You can enter any valid transformation expression. If you want to search for a character string, enclose the characters you want to search for in single quotation marks, for example ‘abc’.
start Required Must be an integer value. The position in the string where you want to start the search. You can enter any valid transformation expression.
The default is 1, meaning that INSTR starts the search at the first character in the string.If the start position is 0, INSTR searches from the first character in the string. If the start position is a positive number, INSTR locates the start position by counting from the beginning of the string. If the start position is a negative number, INSTR locates the start position by counting from the end of the string. If you omit this argument, the function uses the default value of 1.
occurrence Required A positive integer greater than 0. You can enter any valid transformation expression. If the search value appears more than once in the string, you can specify which occurrence you want to search for. For example, you would enter 2 to search for the second occurrence from the start position.
If you omit this argument, the function uses the default value of 1, meaning that INSTR searches for the first occurrence of the search value. If you pass a decimal, the PowerCenter Integration Service rounds it to the nearest integer value. If you pass a negative integer or 0, the session fails.
comparison_type Optional The string comparison type, either linguistic or binary, when the PowerCenter Integration Service runs in Unicode mode. When the PowerCenter Integration Service runs in ASCII mode, the comparison type is always binary.
Linguistic comparisons take language-specific collation rules into account, while binary comparisons perform bitwise matching. For example, the German sharp s character matches the string “ss” in a linguistic comparison, but not in a binary comparison. Binary
comparisons run faster than linguistic comparisons.
Must be an integer value, either 0 or 1:
– 0: INSTR performs a linguistic string comparison.
– 1: INSTR performs a binary string comparison.
Default is 0.

Return Value

Integer if the search is successful. Integer represents the position of the first character in the search_value, counting from left to right.
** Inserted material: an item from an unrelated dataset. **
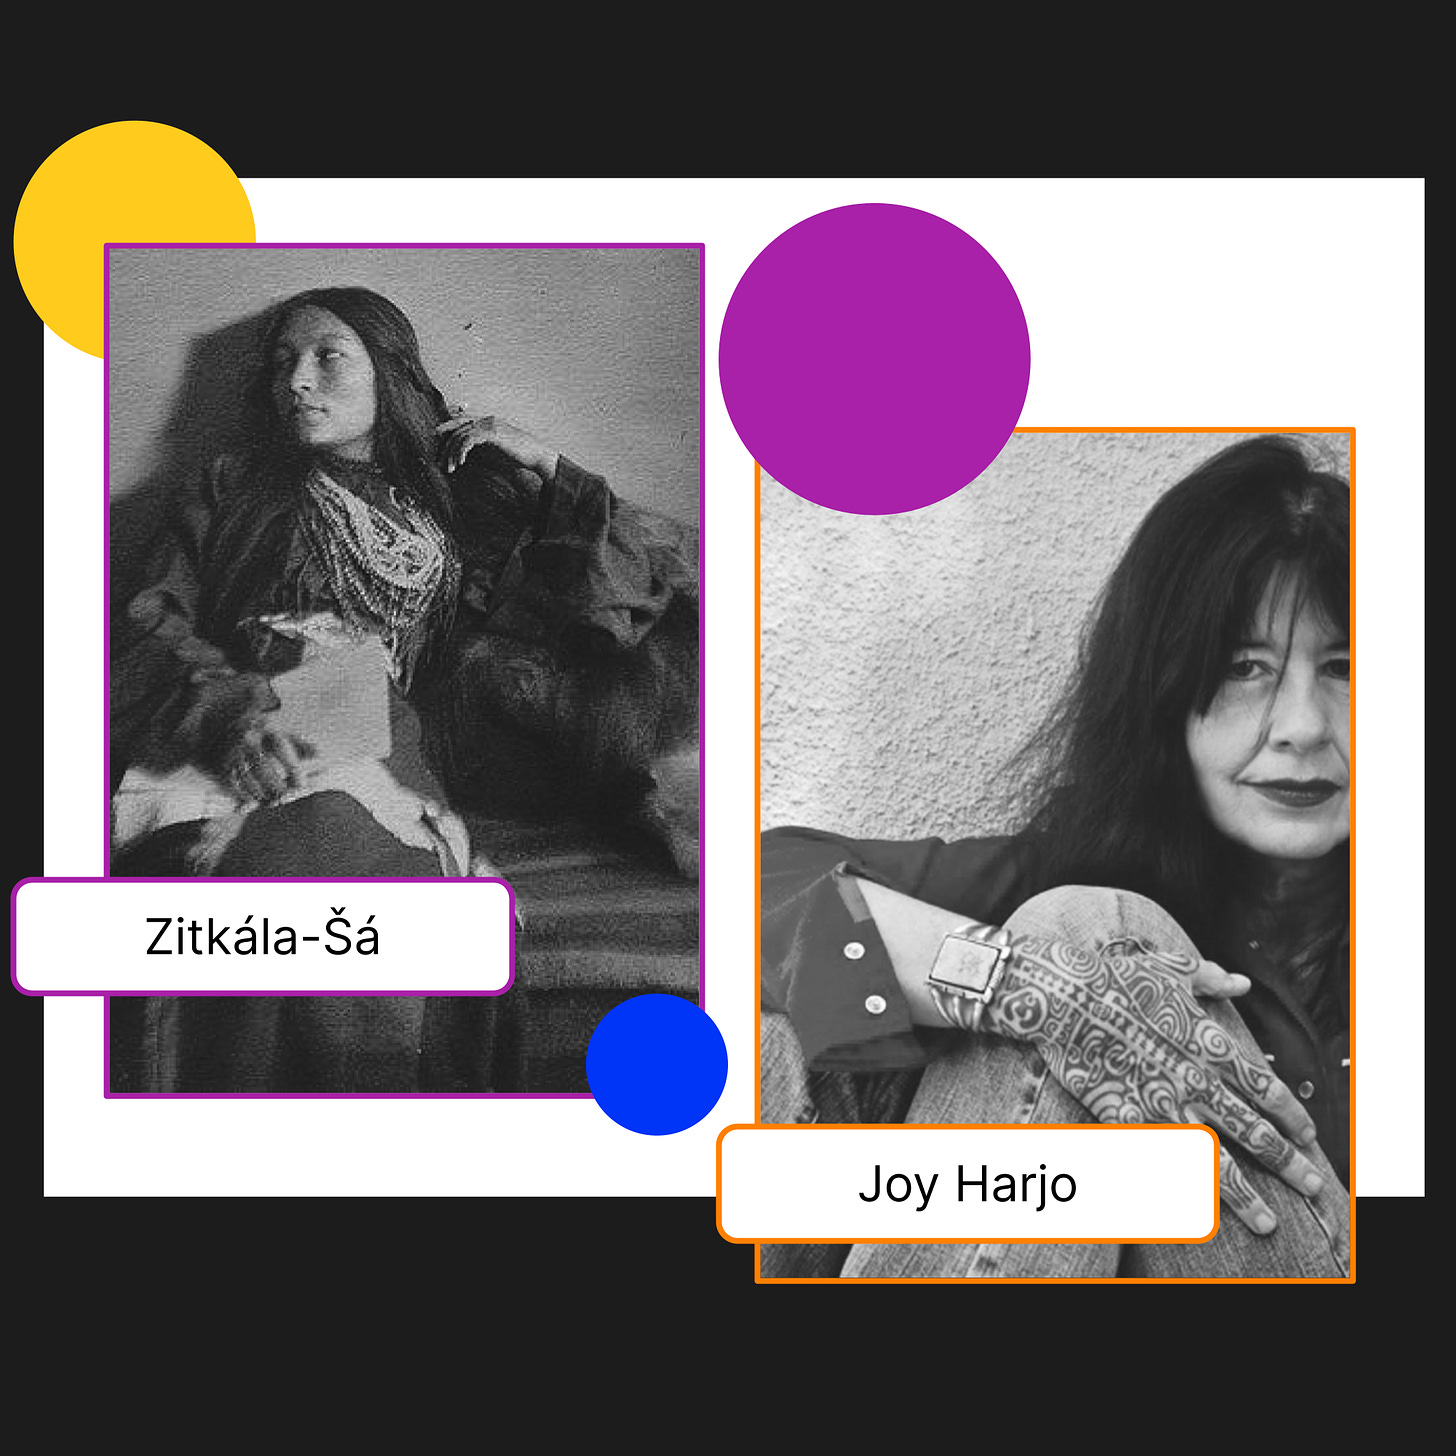 (left) An old black-and-white photo of Zitkala-Sa, a young American Indian woman with long dark hair and many beaded necklaces leaning against a bench and wall; (right) a contemporary photo of Joy Harjo, an American Indian woman with dark hair, bangs, and dark lipstick leaning against a wall. She wears a silver cuff bracelet and henna on her hand.

1. 0 if the search is unsuccessful.
2. NULL if a value passed to the function is NULL.

Return Value

The following expression returns the position of the first occurrence of the letter ‘a’, starting at the beginning of each company name. Because the search_value argument is case sensitive, it skips the ‘A’ in ‘Blue Fin Aqua Center’, and returns the position for the ‘a’ in ‘Aqua’:

INSTR( COMPANY, ‘a’ )

COMPANY
RETURN VALUE
Blue Fin Aqua Center 13
Maco Shark Shop 2
Scuba Gear 5
Frank’s Dive Shop 3
VIP Diving Club 0

The following expression returns the position of the second occurrence of the letter ‘a’, starting at the beginning of each company name. Because the search_value argument is case sensitive, it skips the ‘A’ in ‘Blue Fin Aqua Center’, and returns 0:

INSTR( COMPANY, ‘a’, 1, 2 )

COMPANY
RETURN VALUE
Blue Fin Aqua Center 0
Maco Shark Shop 8
Scuba Gear 9
Frank’s Dive Shop 0
VIP Diving Club 0

The following expression returns the position of the second occurrence of the letter ‘a’ in each company name, starting from the last character in the company name. Because the search_value argument is case sensitive, it skips the ‘A’ in ‘Blue Fin Aqua Center’, and returns 0:

INSTR( COMPANY, ‘a’, -1, 2 )

COMPANY
RETURN VALUE
Blue Fin Aqua Center 0
Maco Shark Shop 2
Scuba Gear 5
Frank’s Dive Shop 0
VIP Diving Club 0

The following expression returns the position of the first character in the string ‘Blue Fin Aqua Center’ (starting from the last character in the company name):

INSTR( COMPANY, ‘Blue Fin Aqua Center’, -1, 1 )

COMPANY
RETURN VALUE
Blue Fin Aqua Center 1
Maco Shark Shop 0
Scuba Gear 0
Frank’s Dive Shop 0
VIP Diving Club 0

Using Nested INSTR

You can nest the INSTR function within other functions to accomplish more complex tasks.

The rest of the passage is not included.